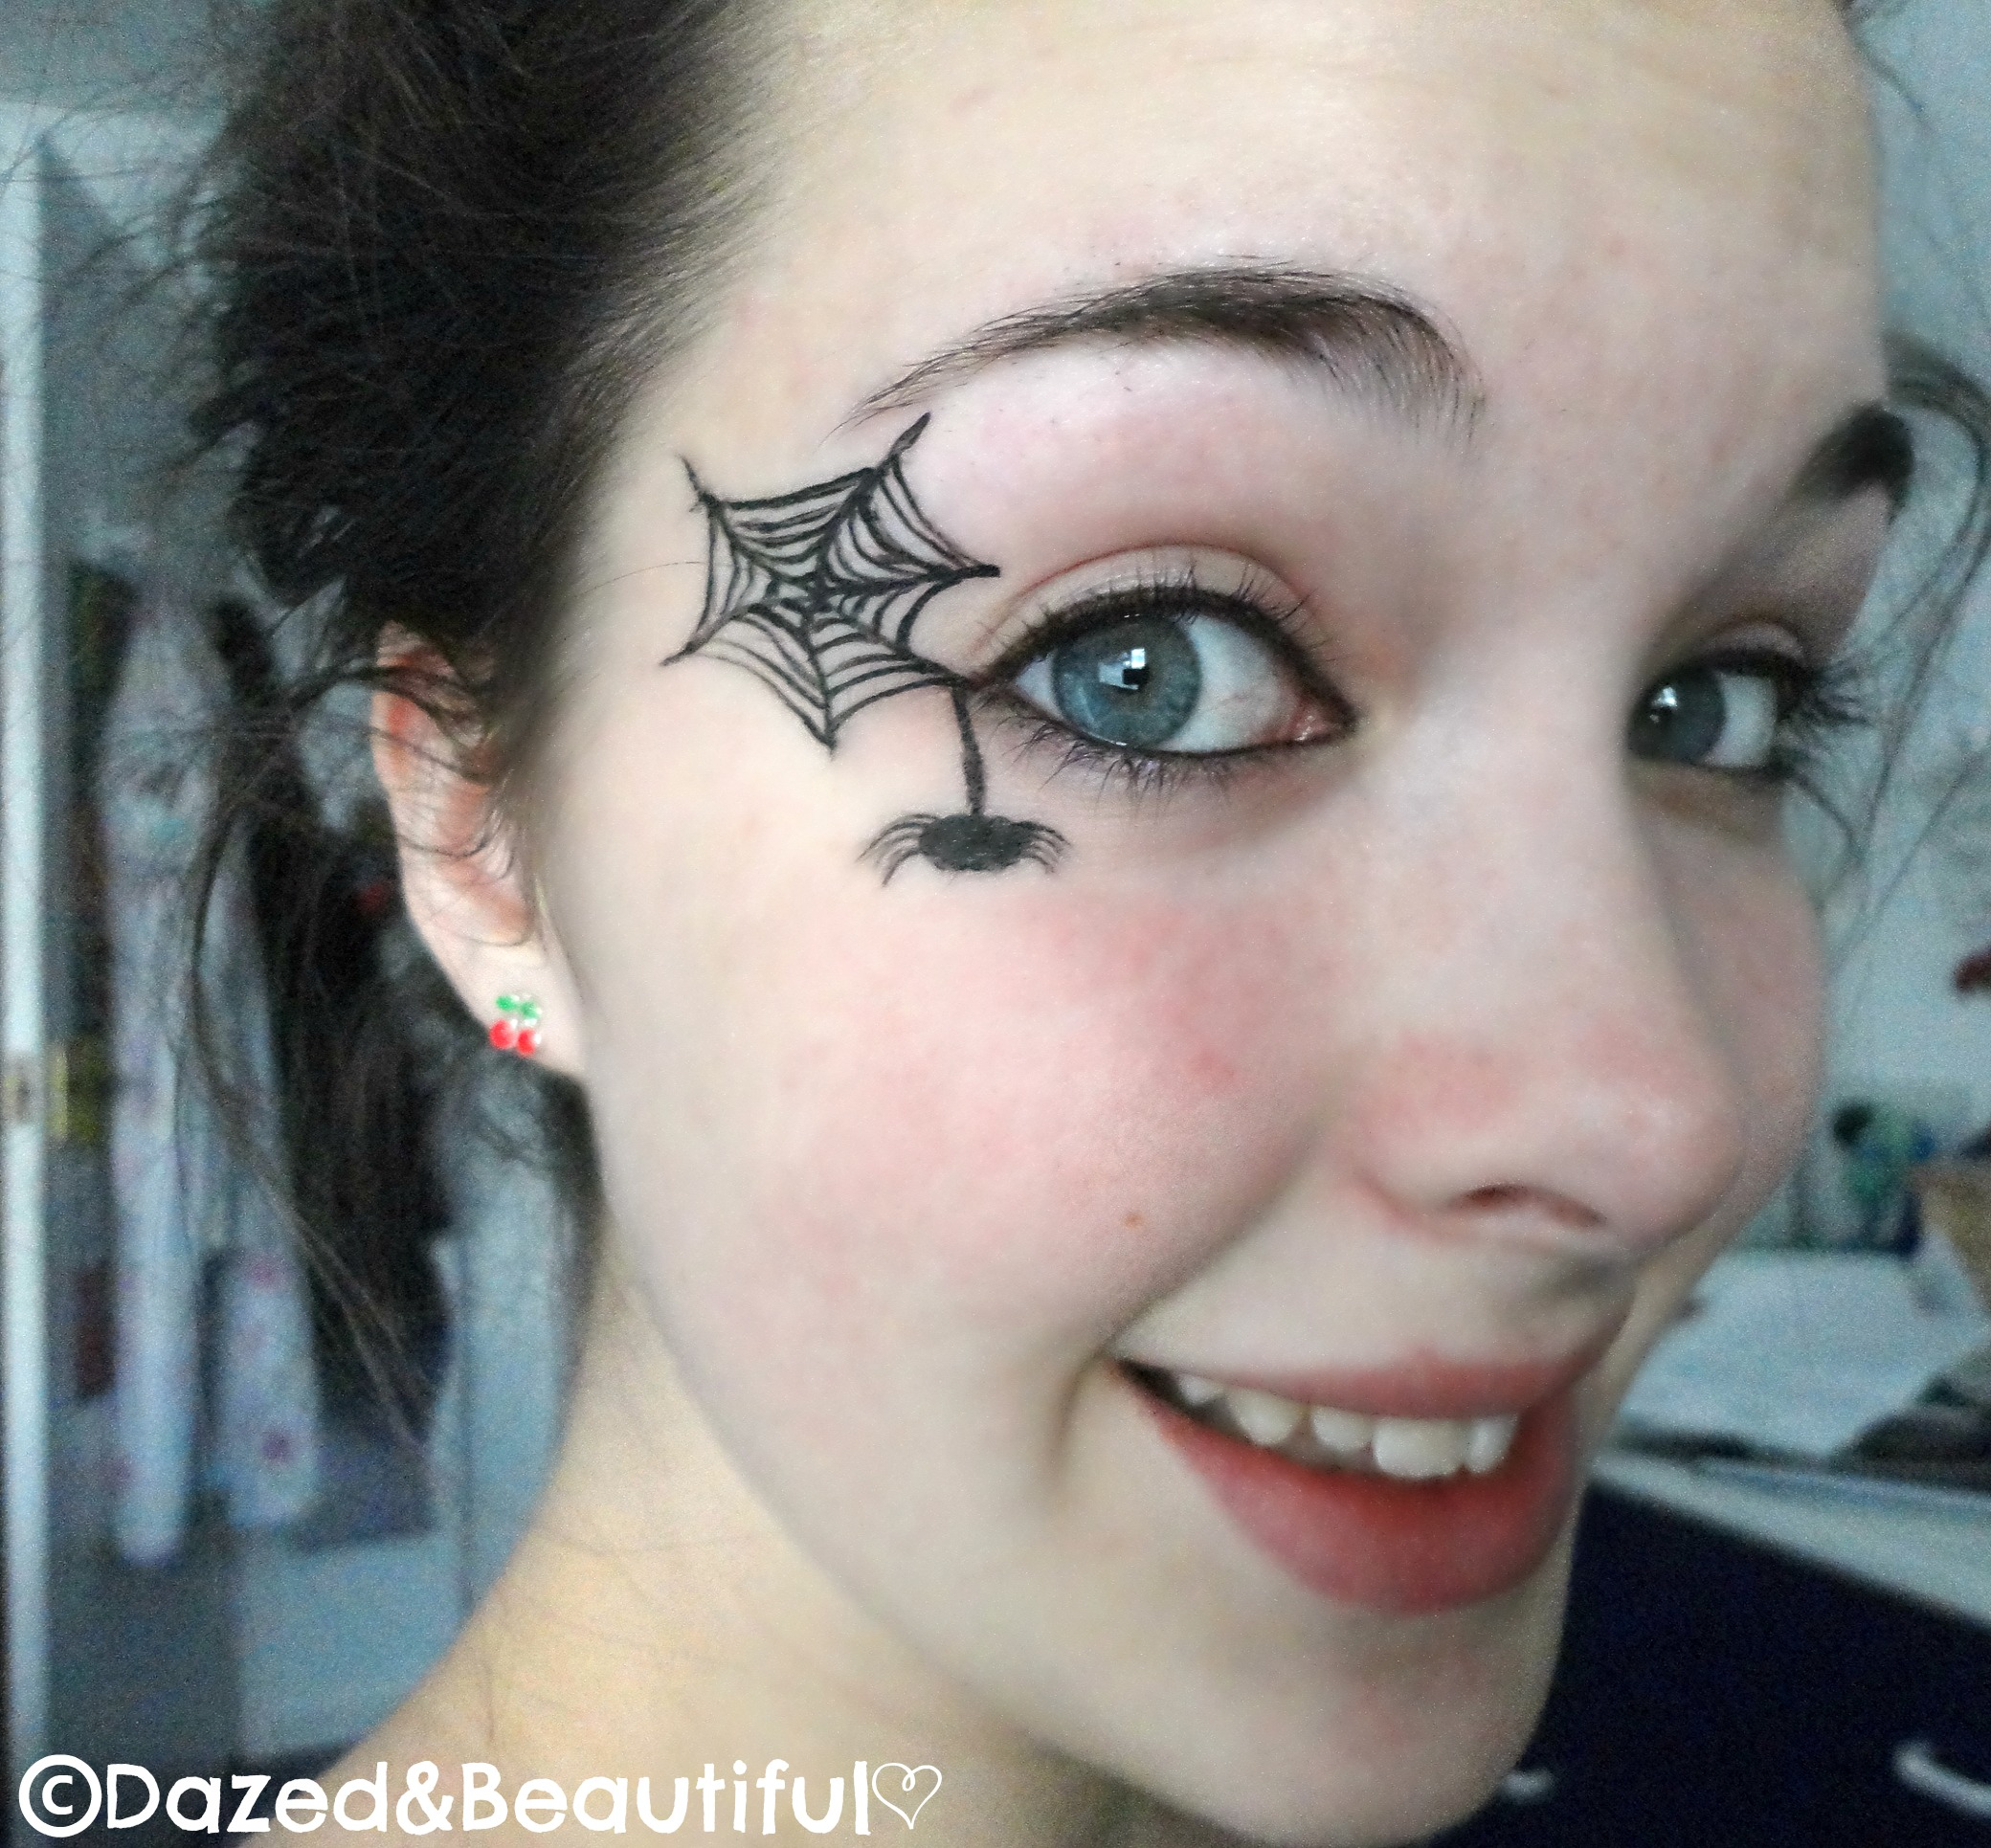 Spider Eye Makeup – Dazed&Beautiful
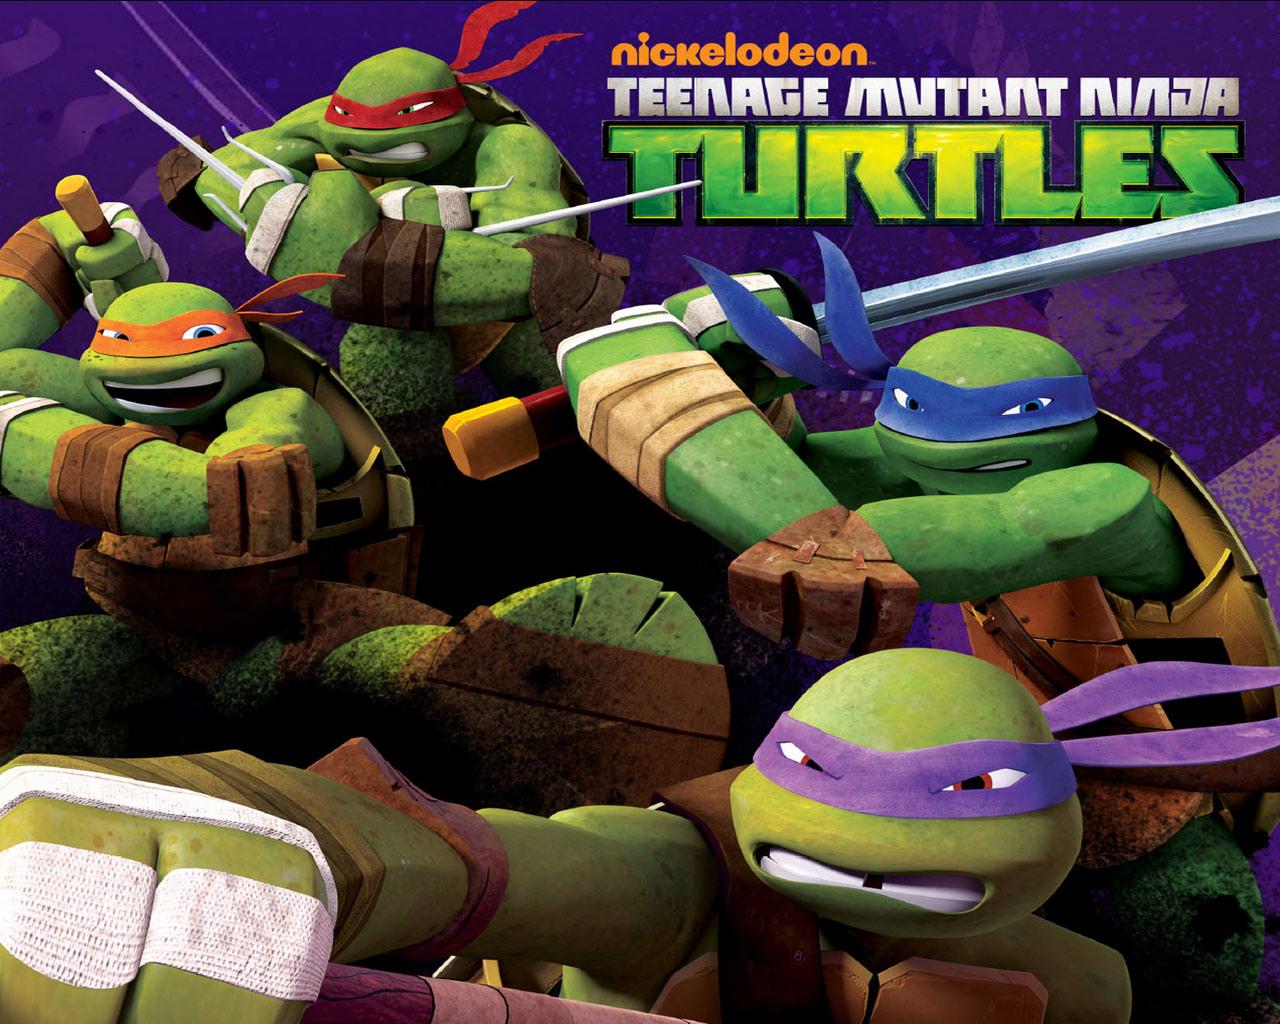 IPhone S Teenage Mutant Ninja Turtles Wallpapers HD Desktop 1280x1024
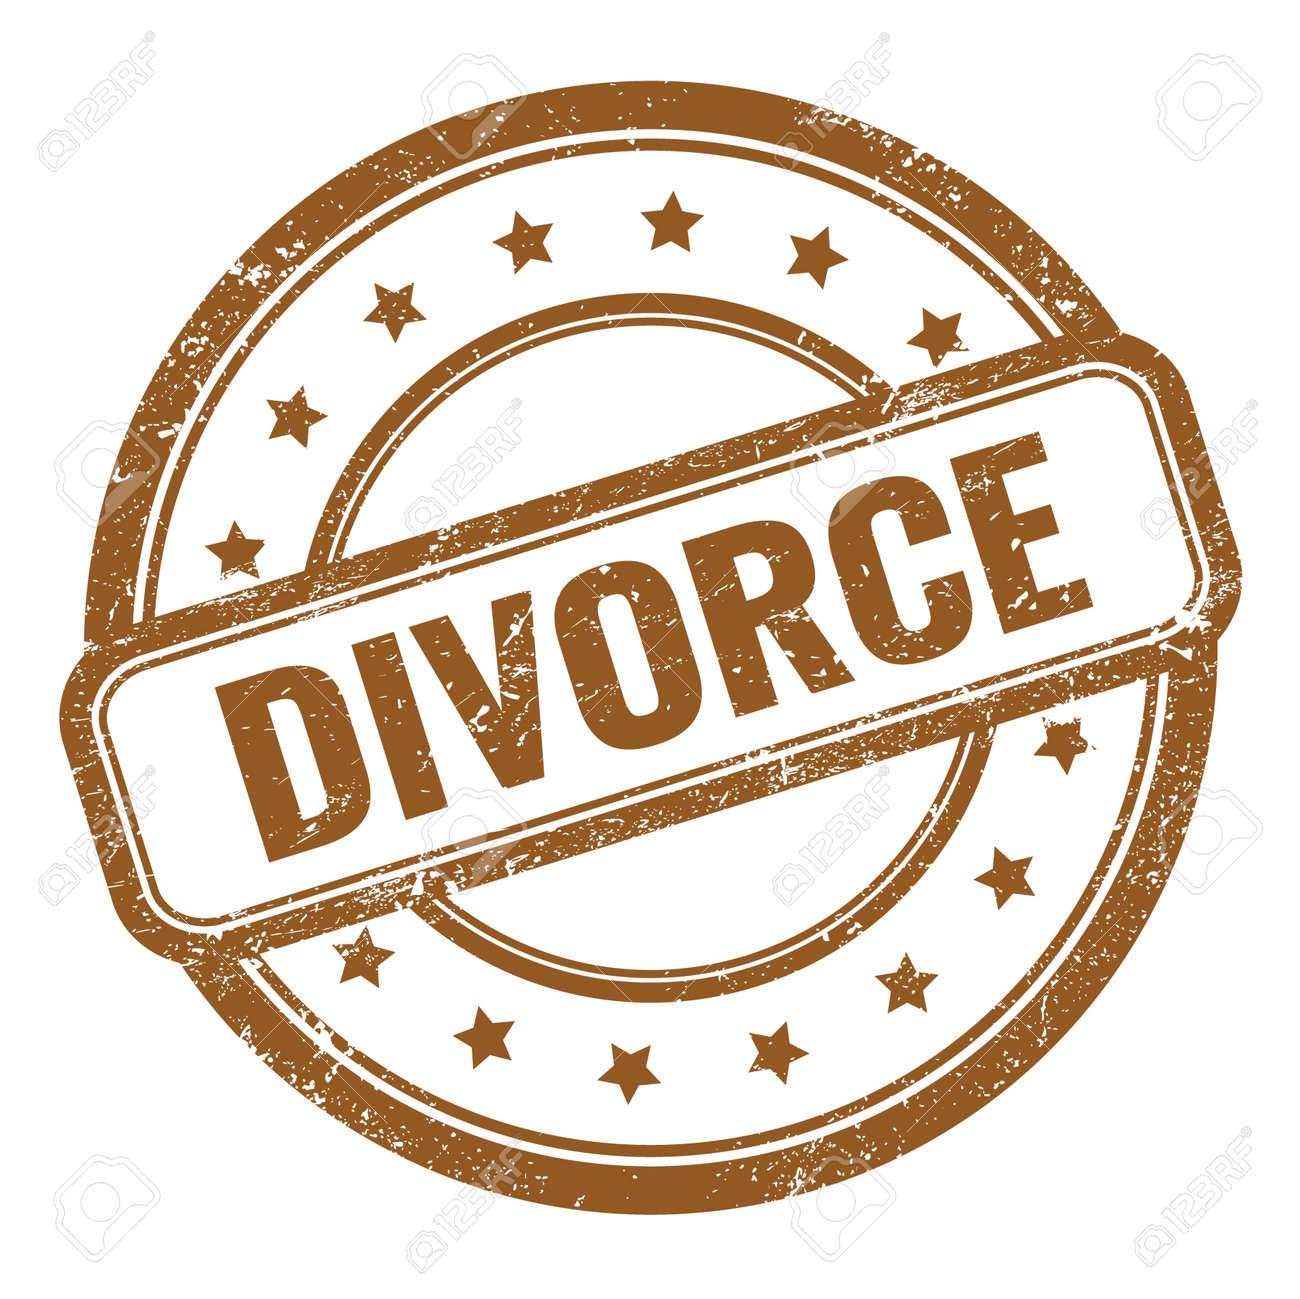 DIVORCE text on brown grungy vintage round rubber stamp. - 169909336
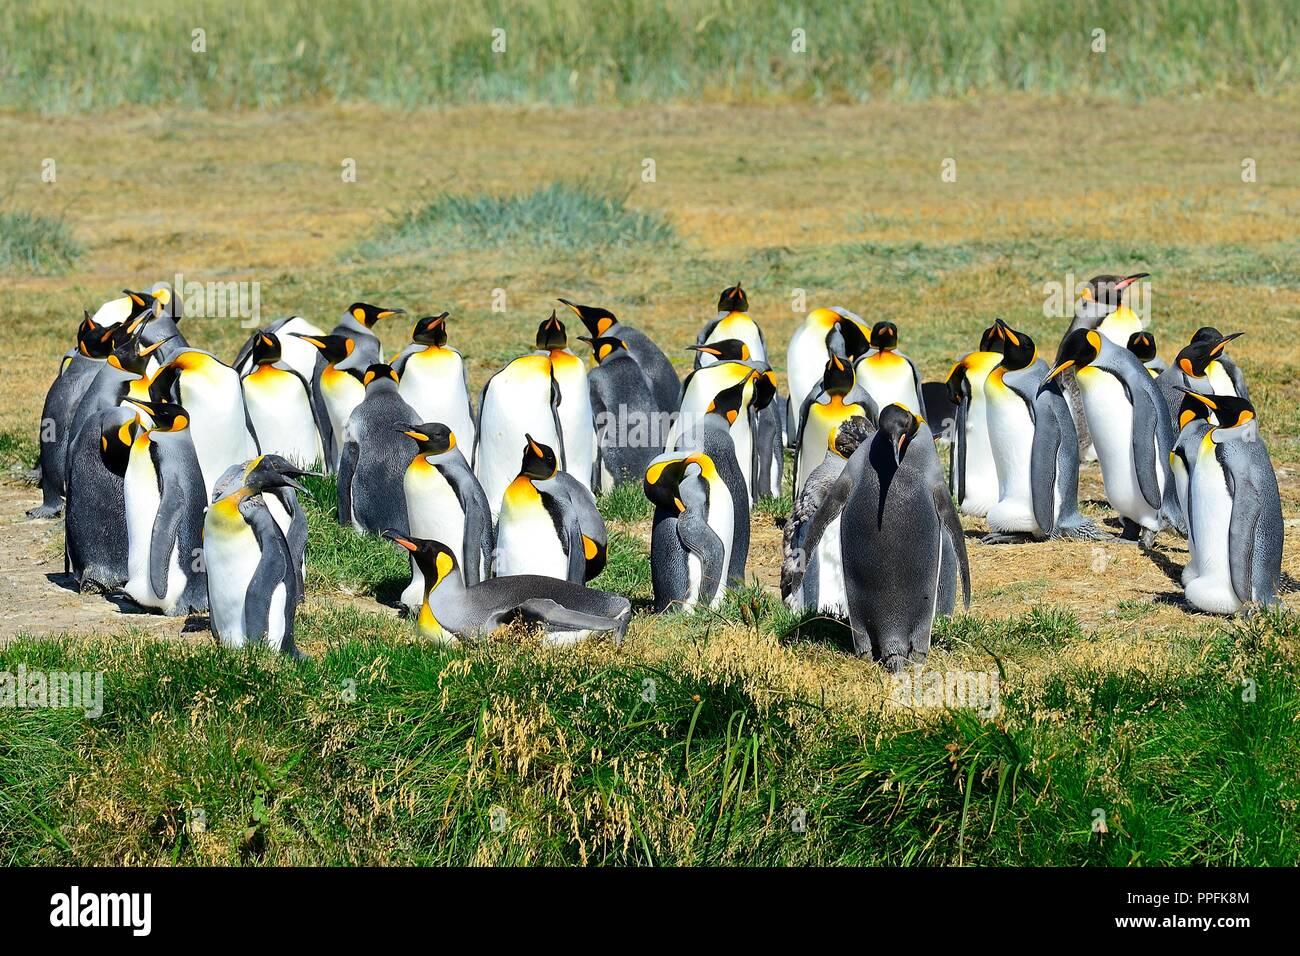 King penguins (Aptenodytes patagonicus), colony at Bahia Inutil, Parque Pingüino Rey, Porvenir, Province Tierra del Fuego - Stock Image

Work task:
Return the data above in its exact wording, with none of the pictures.

Exercise output:
 Spider Eye Makeup – Dazed&Beautiful
 IPhone S Teenage Mutant Ninja Turtles Wallpapers HD Desktop 1280x1024
 DIVORCE text on brown grungy vintage round rubber stamp. - 169909336
 King penguins (Aptenodytes patagonicus), colony at Bahia Inutil, Parque Pingüino Rey, Porvenir, Province Tierra del Fuego - Stock Image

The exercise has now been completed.